Task description
Your task is to write out every line of the data exactly. Drop the pictures.

Supplied information
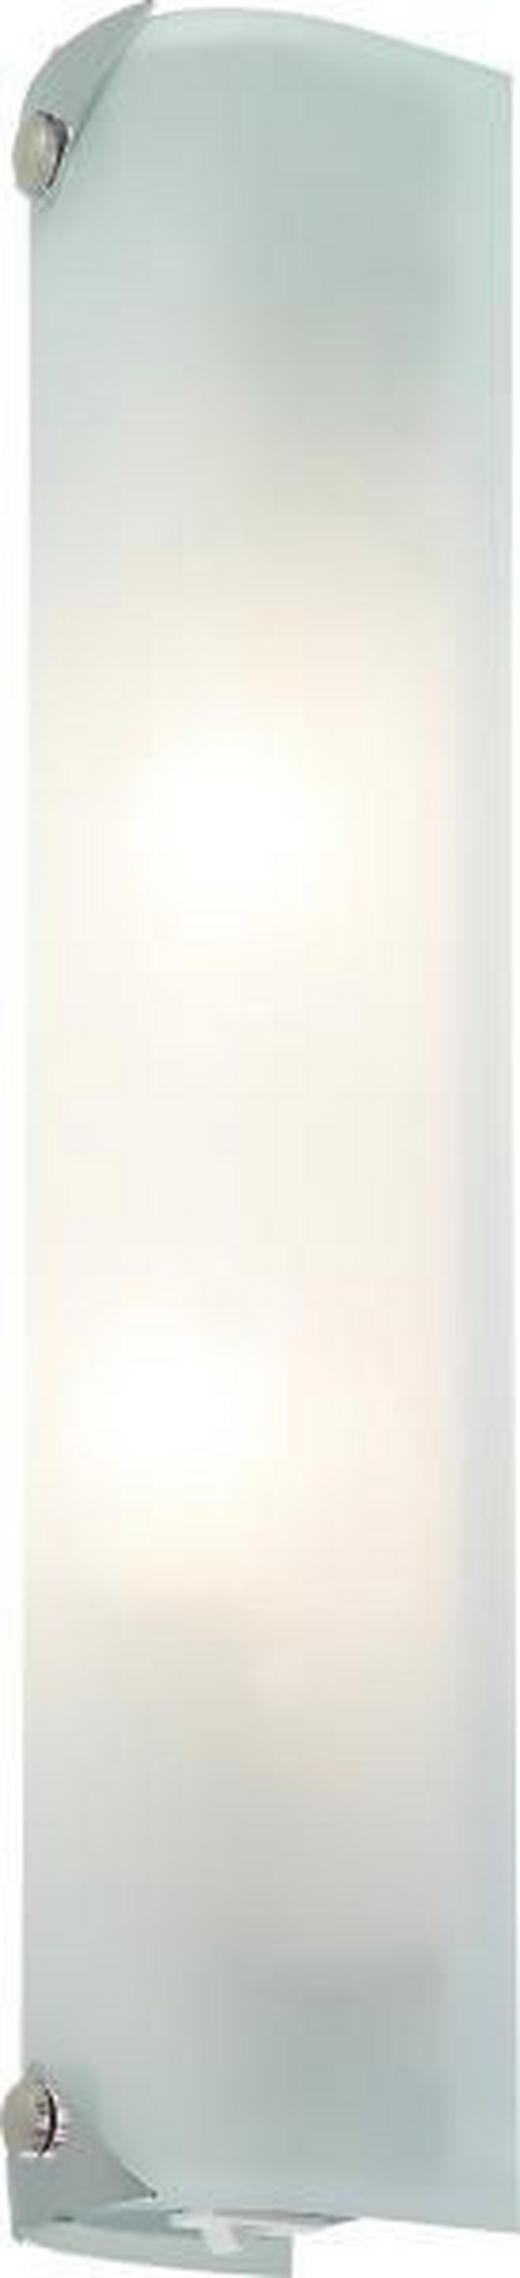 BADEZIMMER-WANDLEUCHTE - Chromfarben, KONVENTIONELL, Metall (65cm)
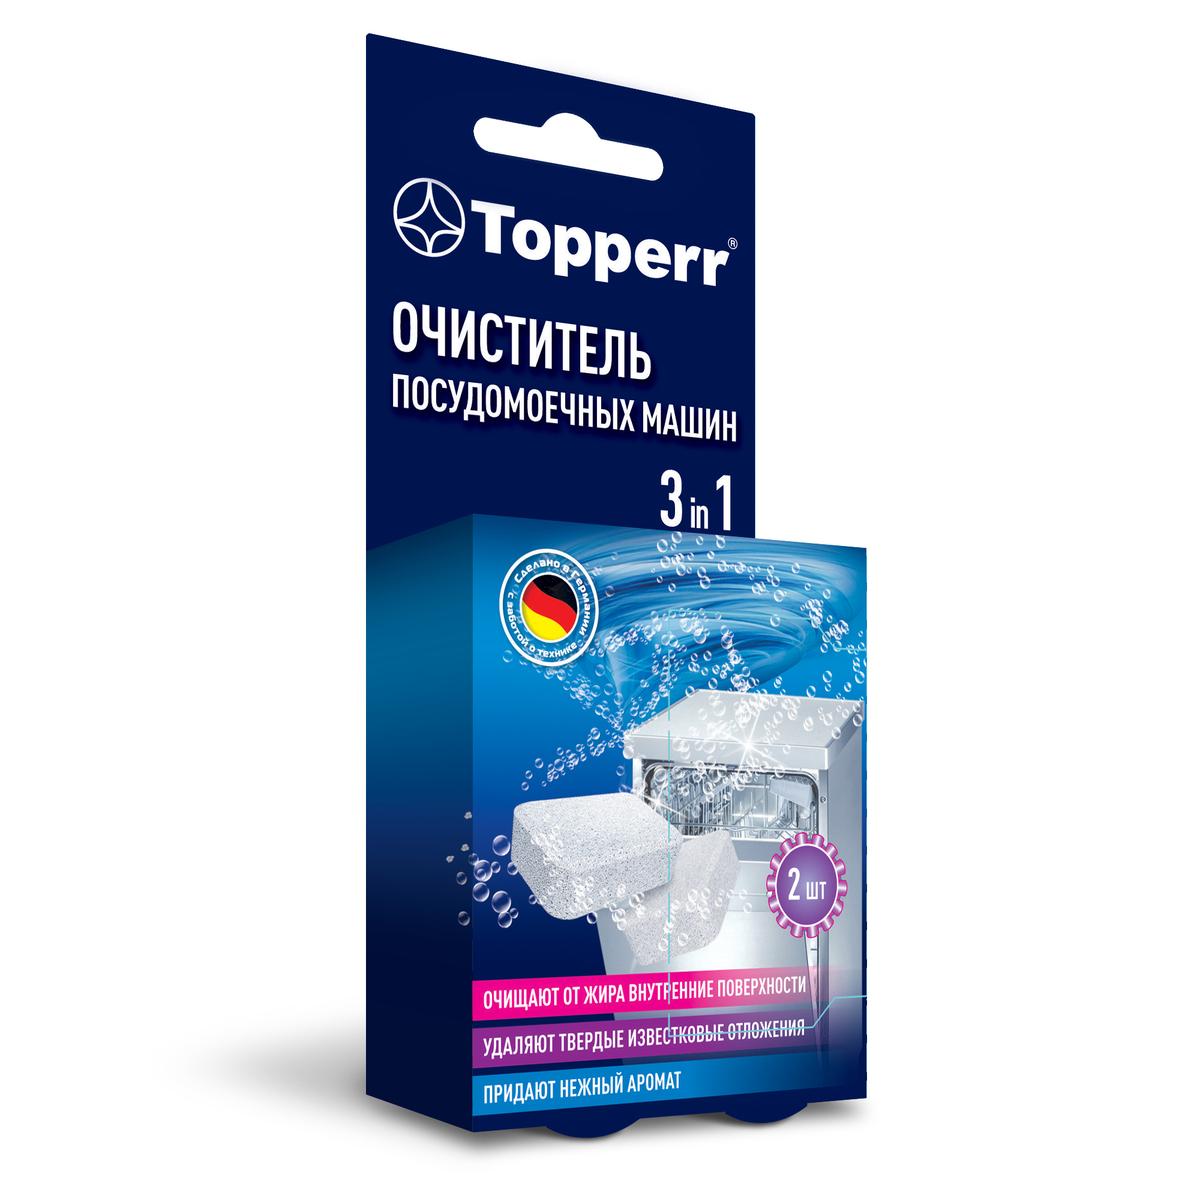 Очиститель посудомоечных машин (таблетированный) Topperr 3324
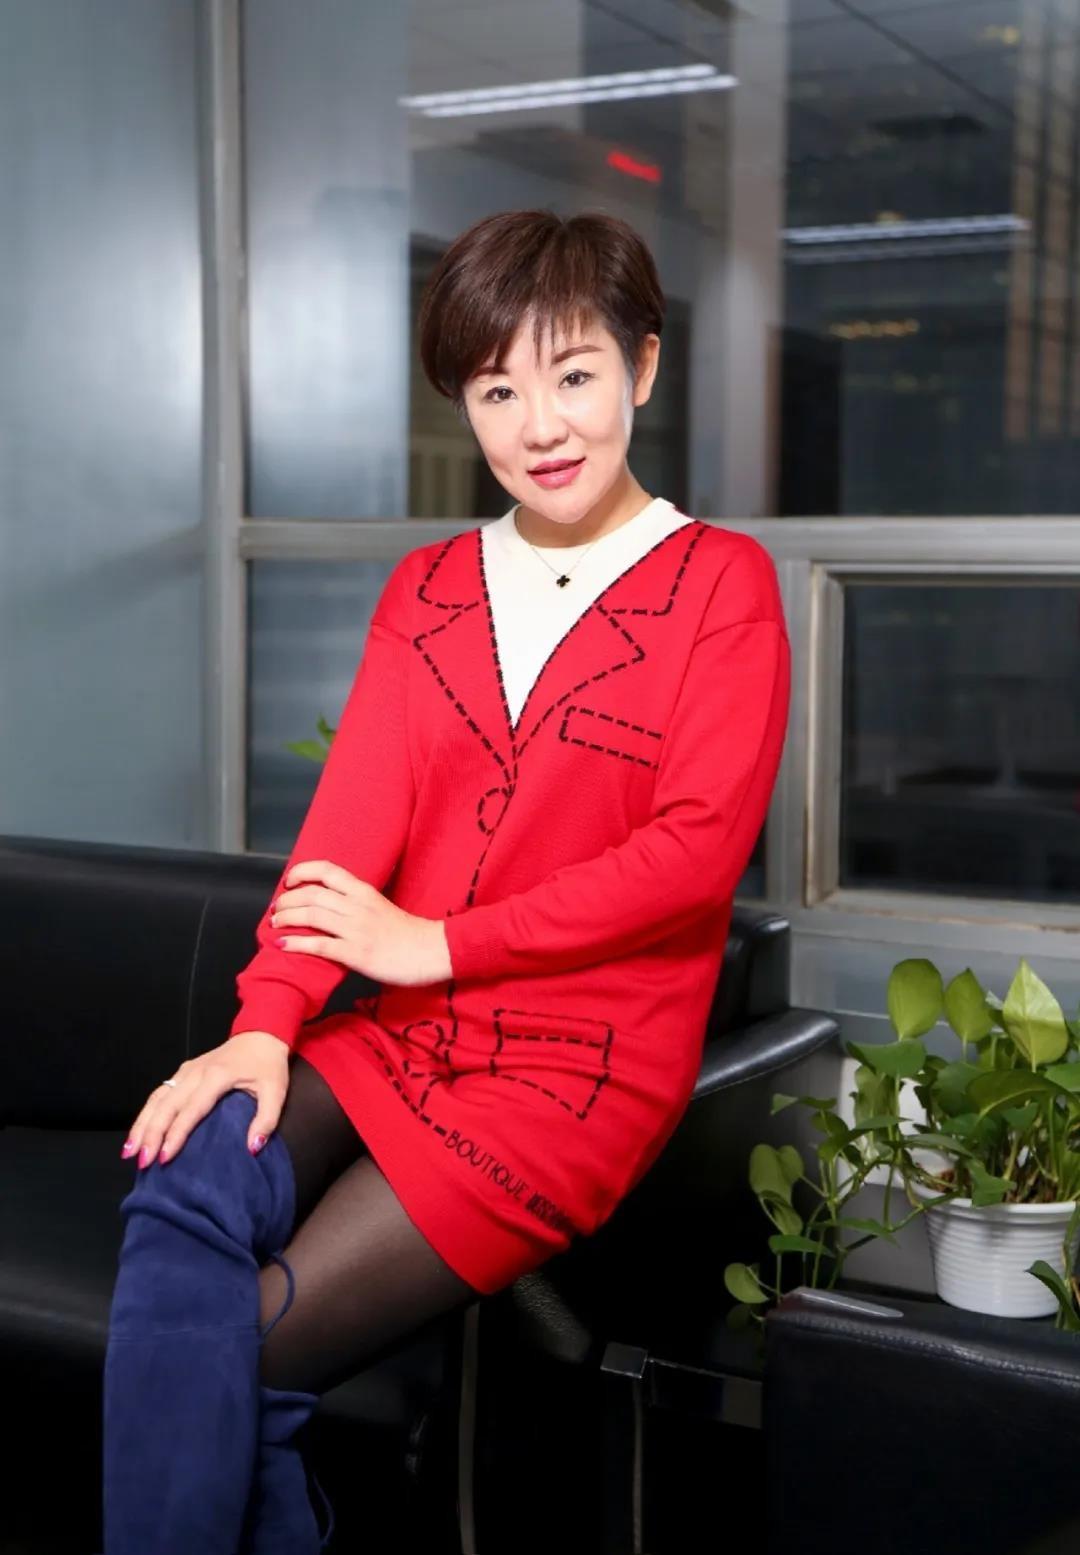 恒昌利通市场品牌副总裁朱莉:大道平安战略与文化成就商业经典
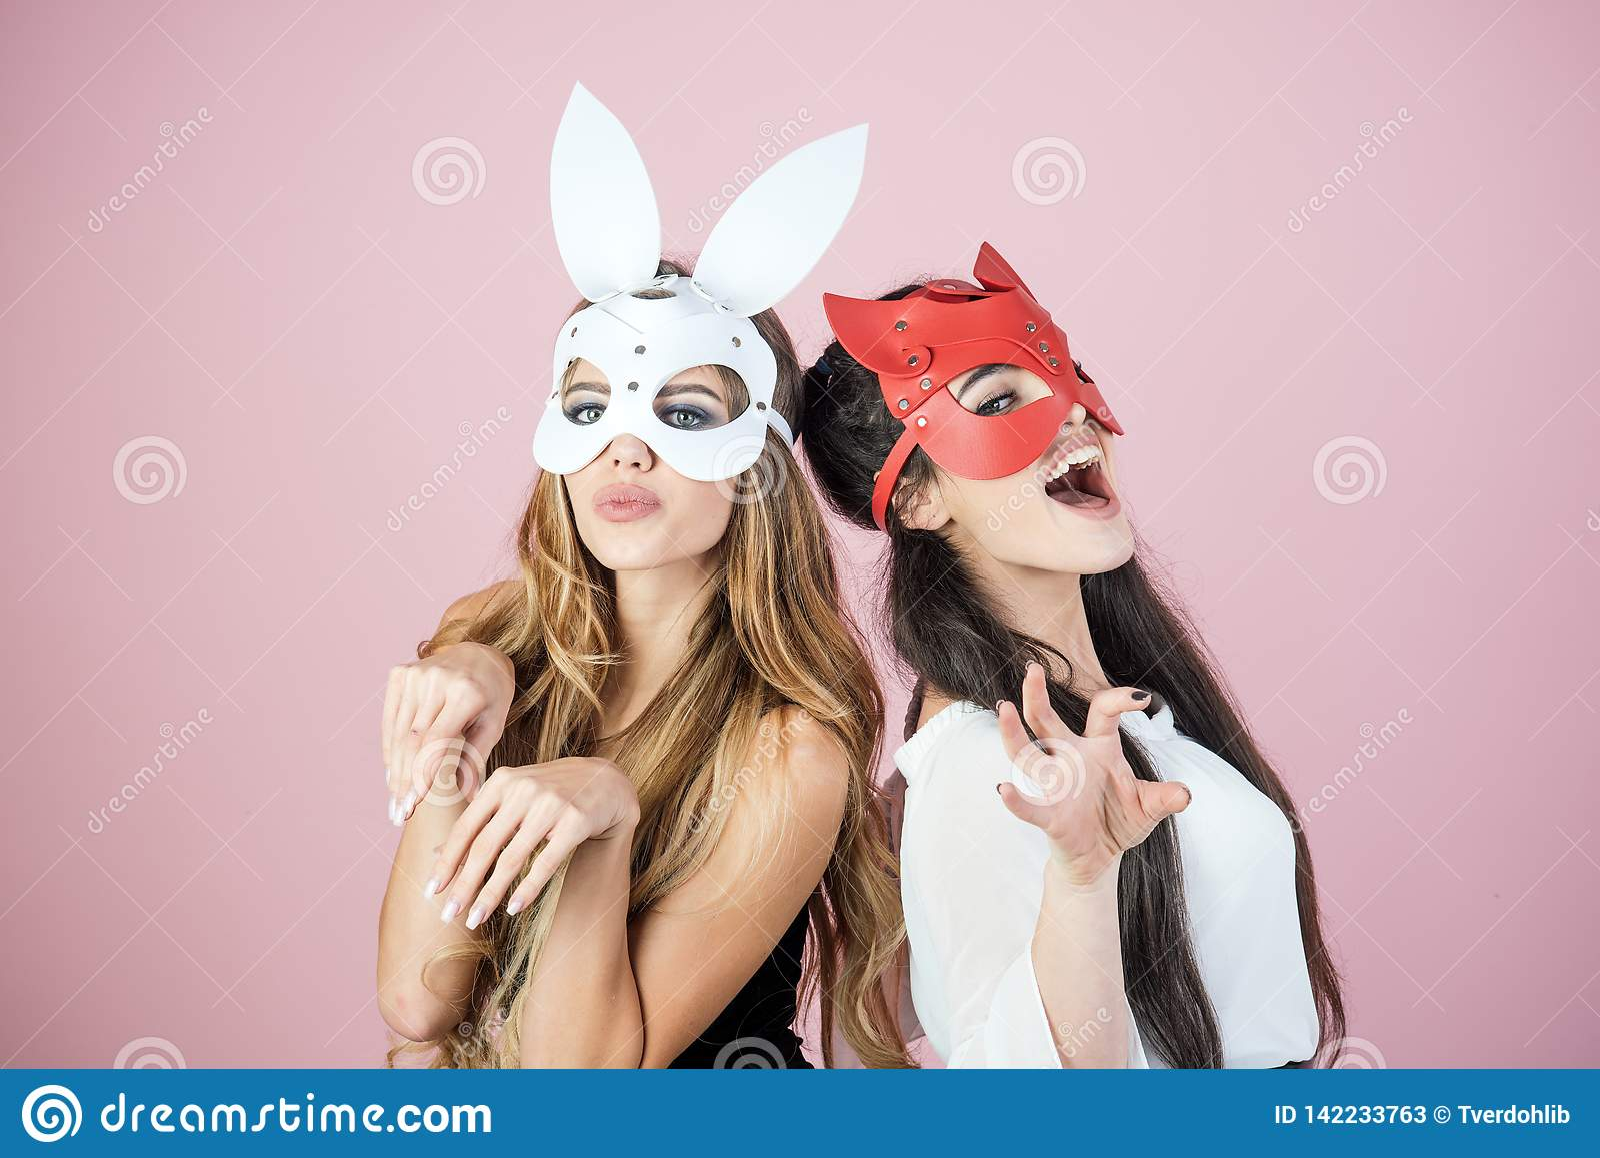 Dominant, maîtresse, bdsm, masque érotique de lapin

Output for this task
 BADEZIMMER-WANDLEUCHTE - Chromfarben, KONVENTIONELL, Metall (65cm)
 Очиститель посудомоечных машин (таблетированный) Topperr 3324
 恒昌利通市场品牌副总裁朱莉:大道平安战略与文化成就商业经典
 Dominant, maîtresse, bdsm, masque érotique de lapin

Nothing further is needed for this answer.